== Available records ==
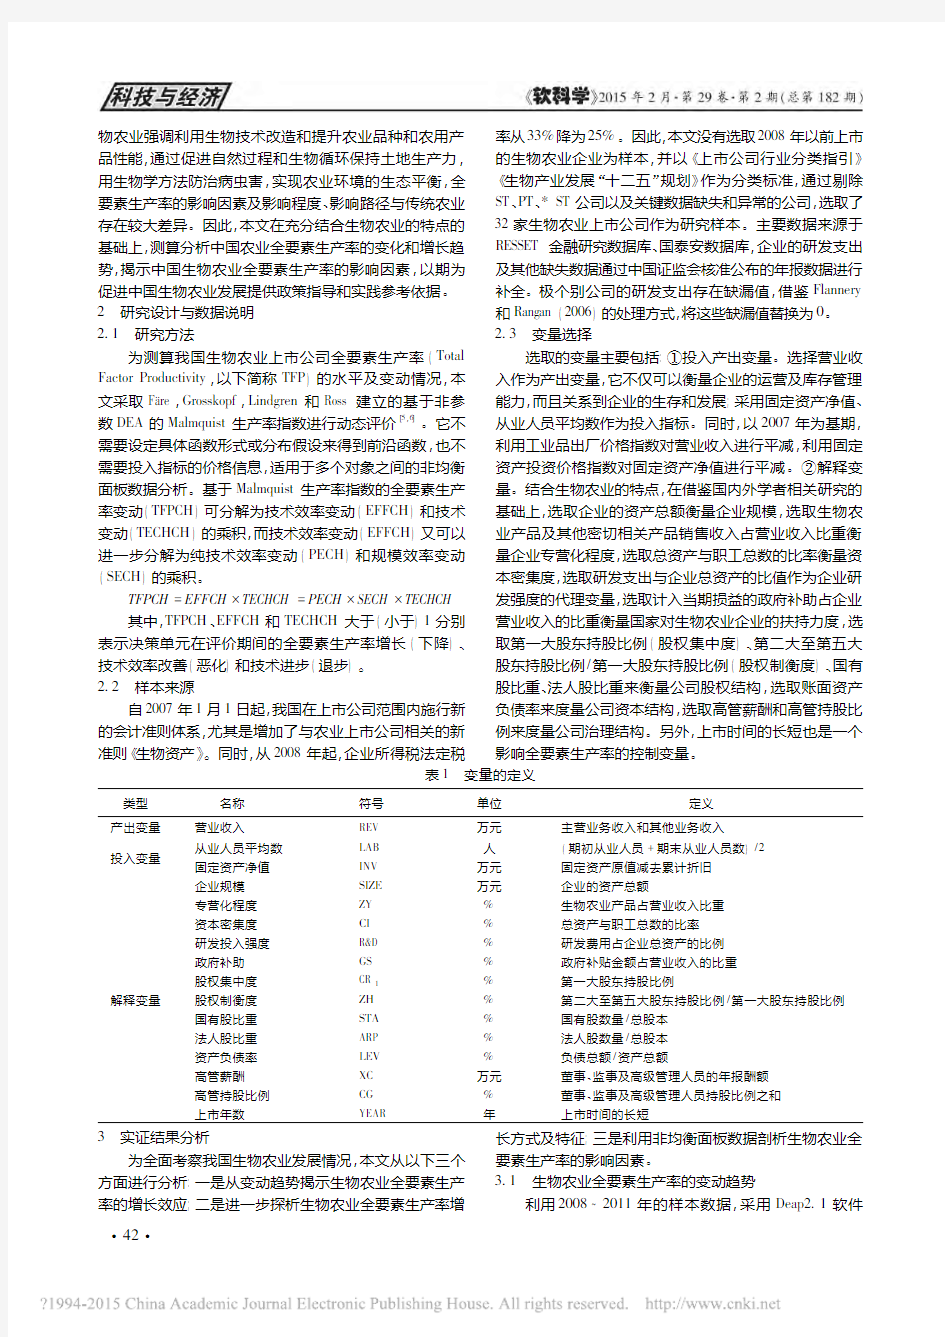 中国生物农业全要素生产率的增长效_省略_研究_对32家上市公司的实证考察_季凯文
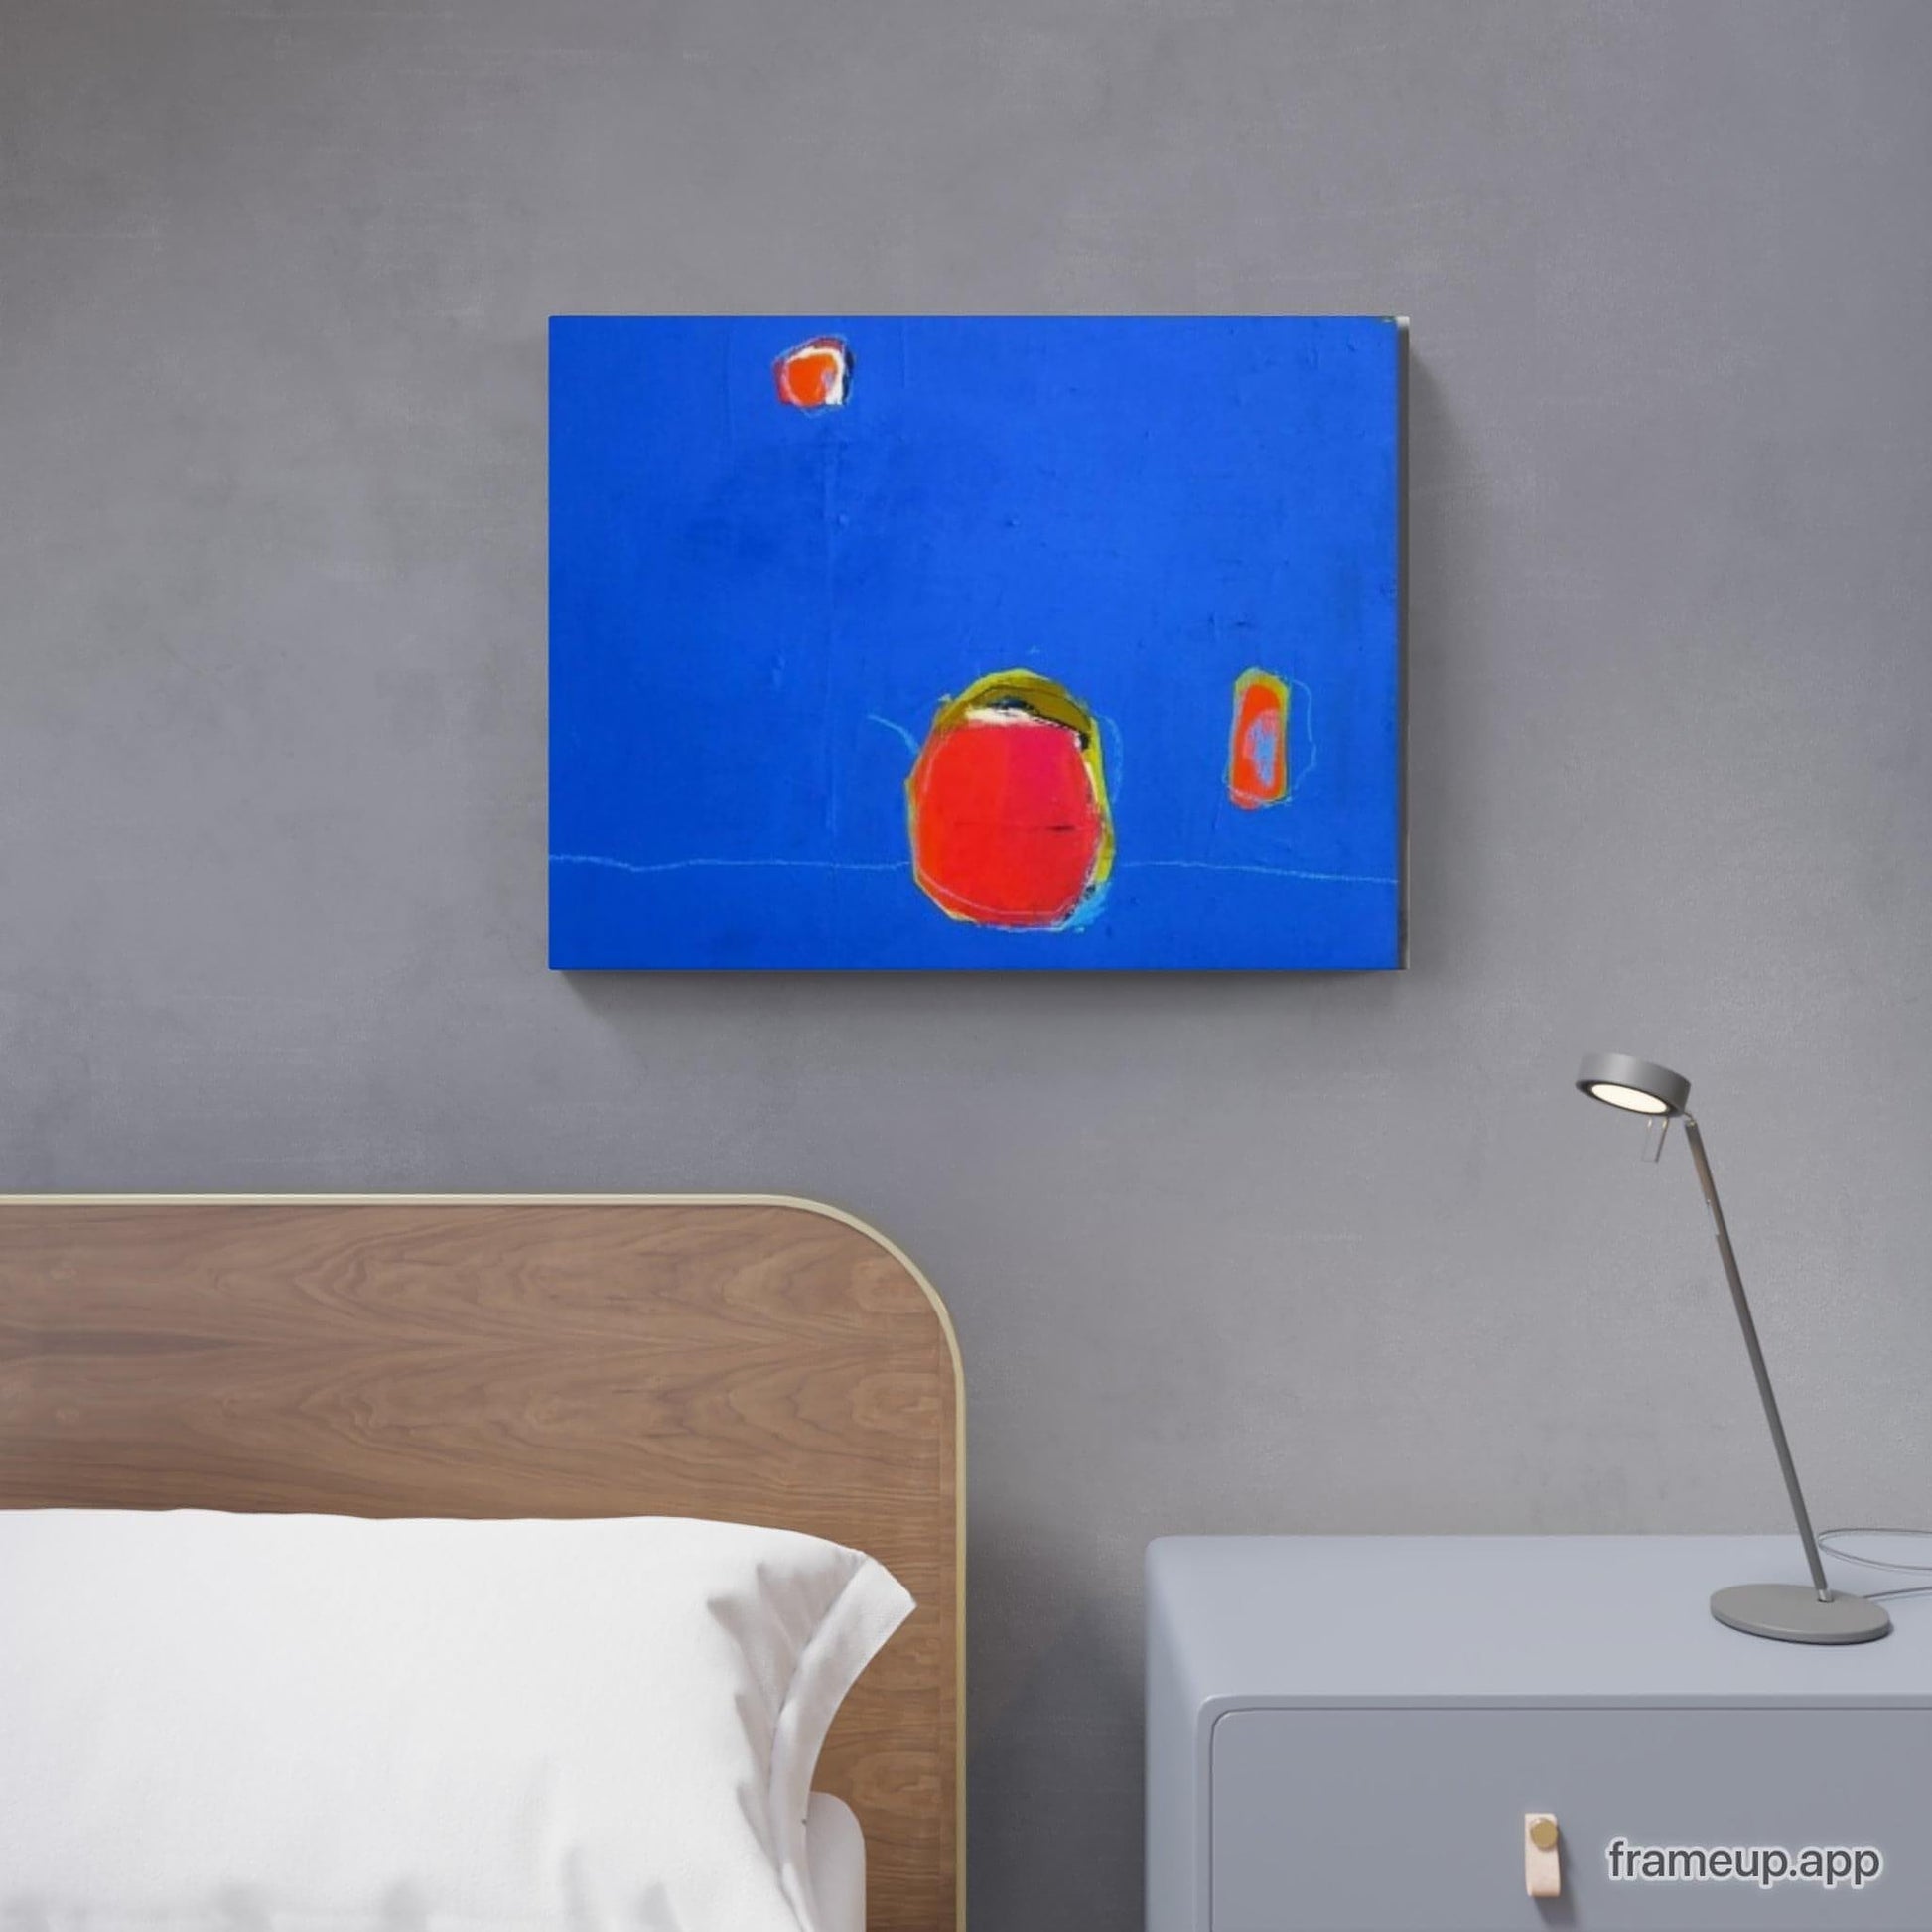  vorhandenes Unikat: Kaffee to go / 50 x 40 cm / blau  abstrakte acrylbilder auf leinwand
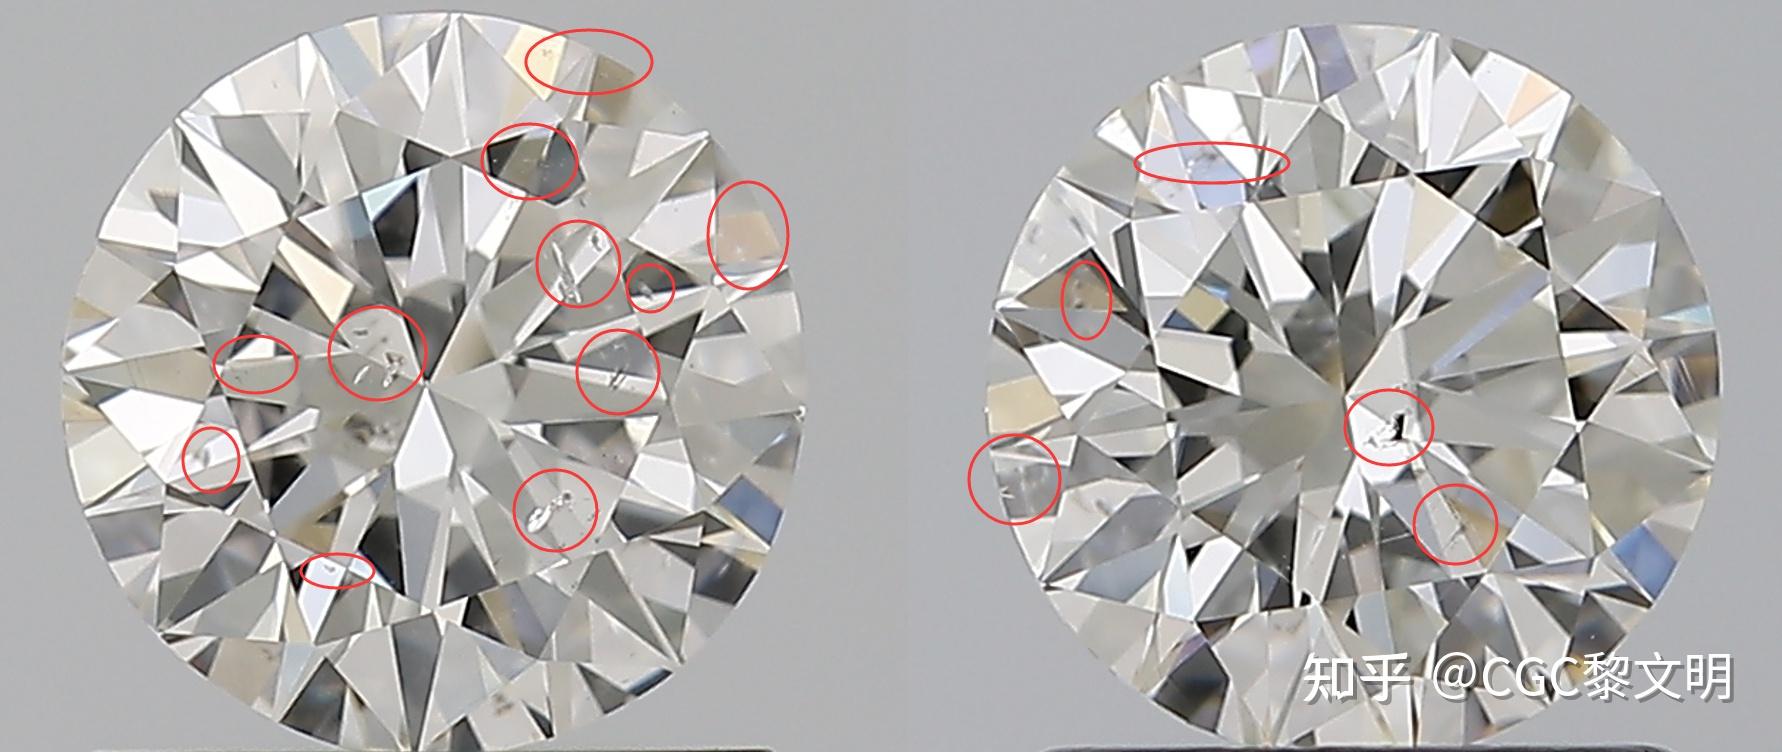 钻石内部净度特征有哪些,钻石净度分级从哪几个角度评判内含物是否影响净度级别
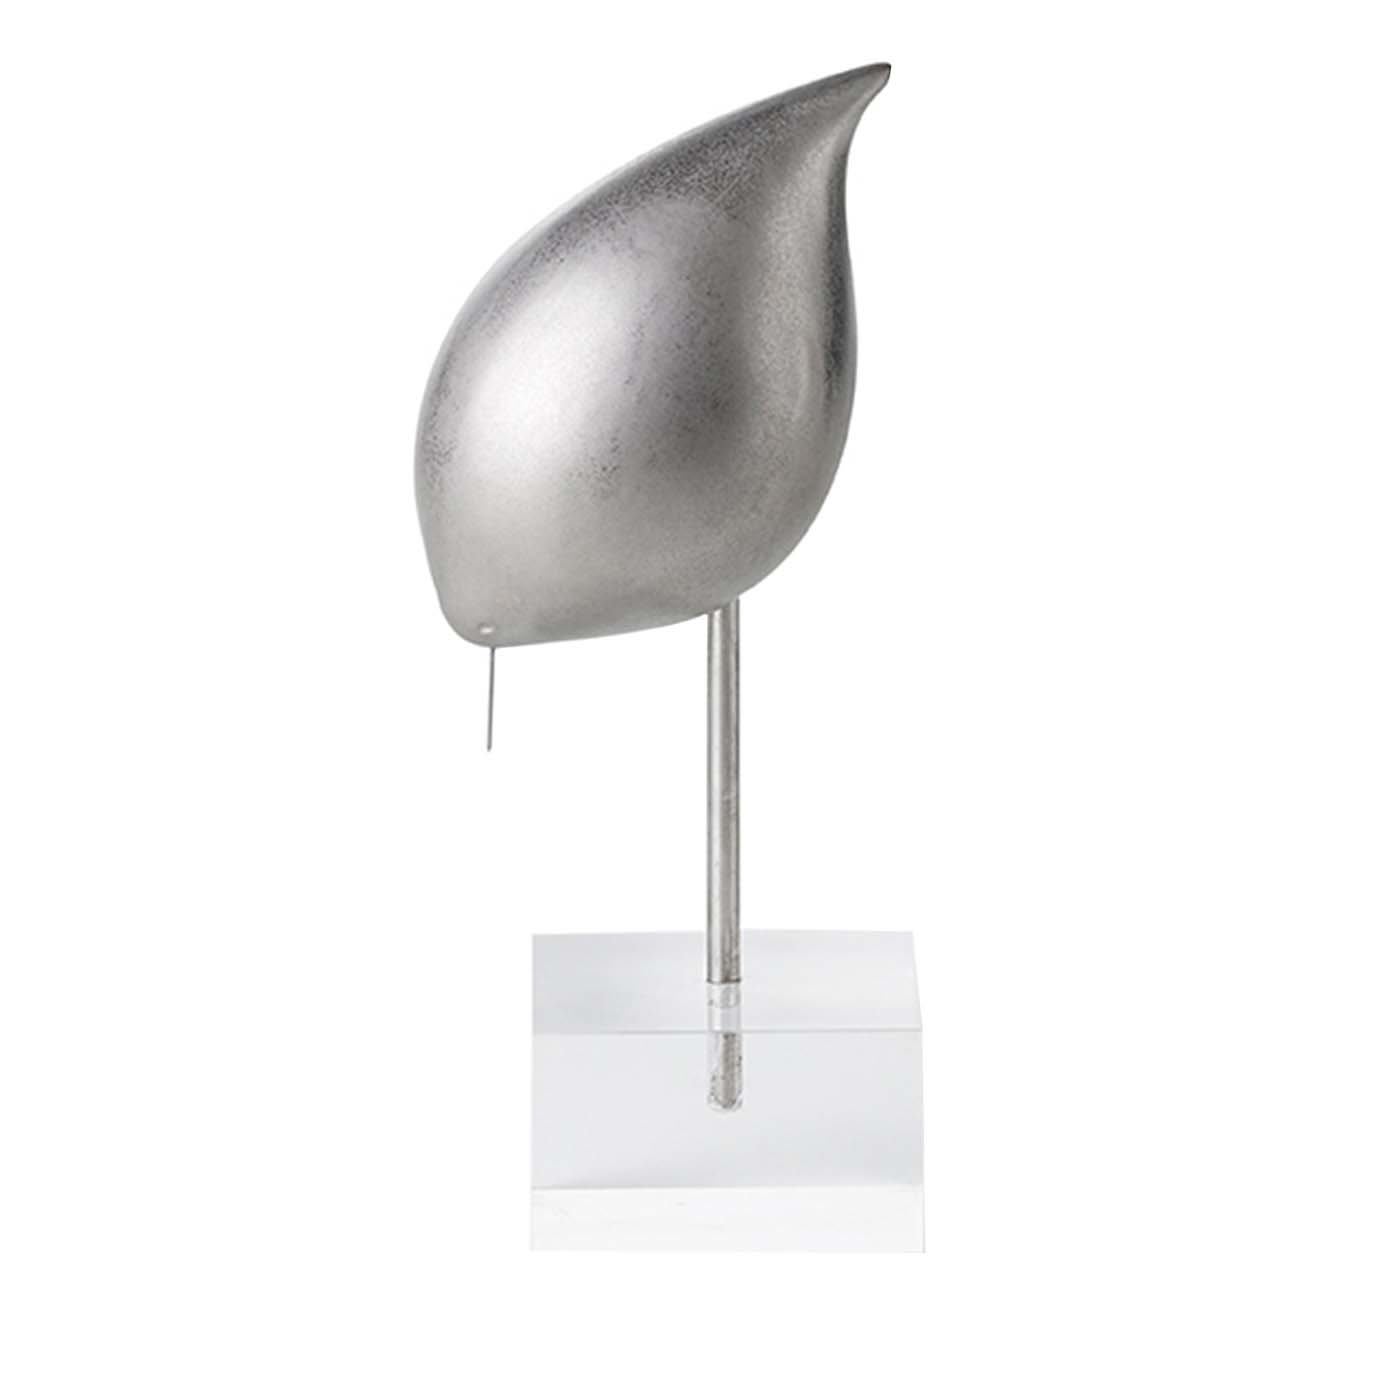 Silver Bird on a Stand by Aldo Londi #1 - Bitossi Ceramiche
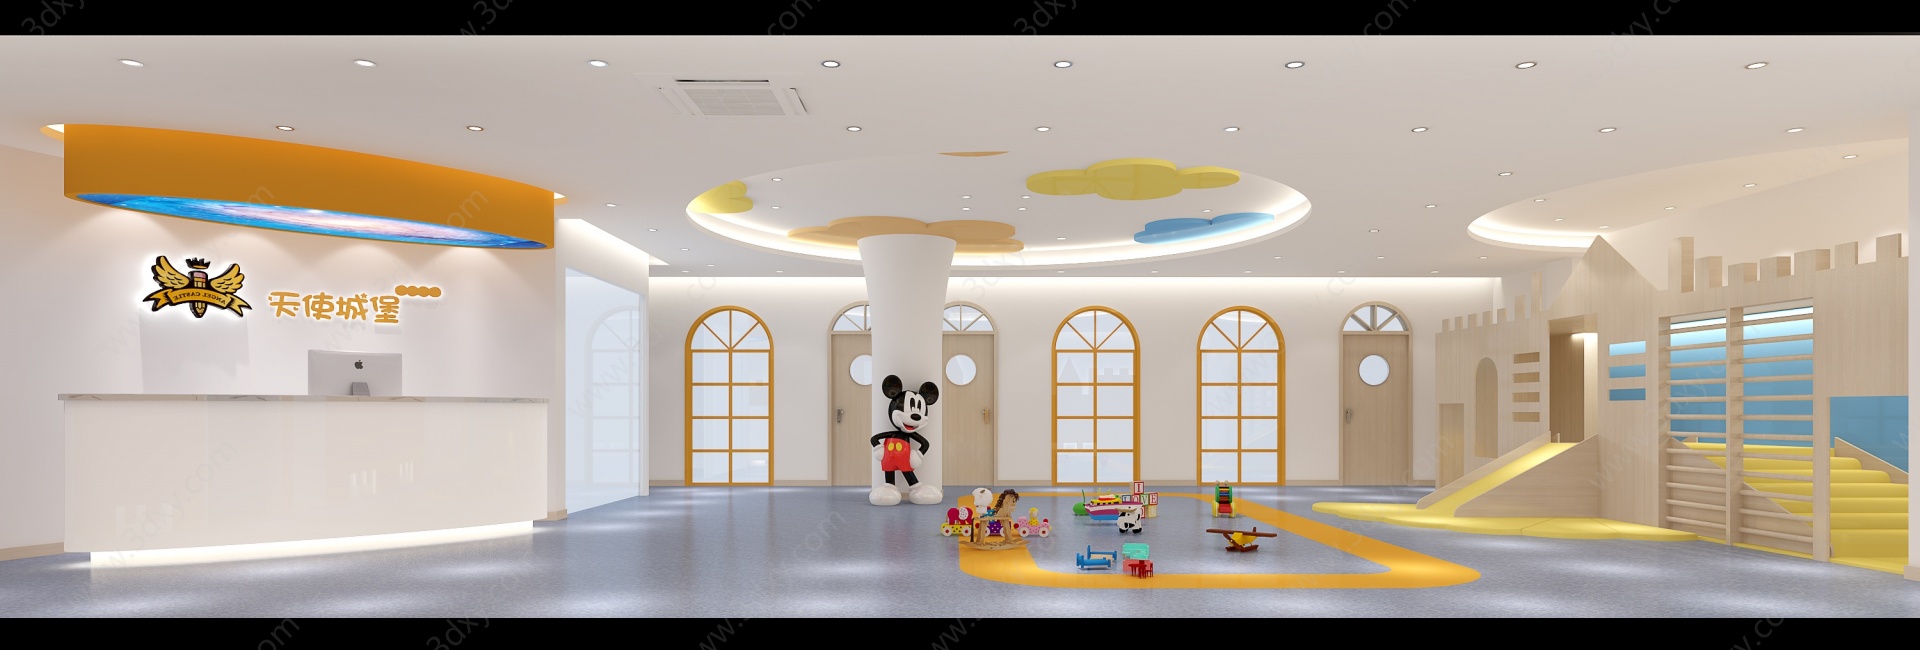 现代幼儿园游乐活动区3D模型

== About this exercise ==
Copy the preceding data in full and word for word, dropping its pictures.

== Exercise answer ==
 中国生物农业全要素生产率的增长效_省略_研究_对32家上市公司的实证考察_季凯文
  vorhandenes Unikat: Kaffee to go / 50 x 40 cm / blau  abstrakte acrylbilder auf leinwand
 钻石内部净度特征有哪些,钻石净度分级从哪几个角度评判内含物是否影响净度级别
 Silver Bird on a Stand by Aldo Londi #1 - Bitossi Ceramiche
 现代幼儿园游乐活动区3D模型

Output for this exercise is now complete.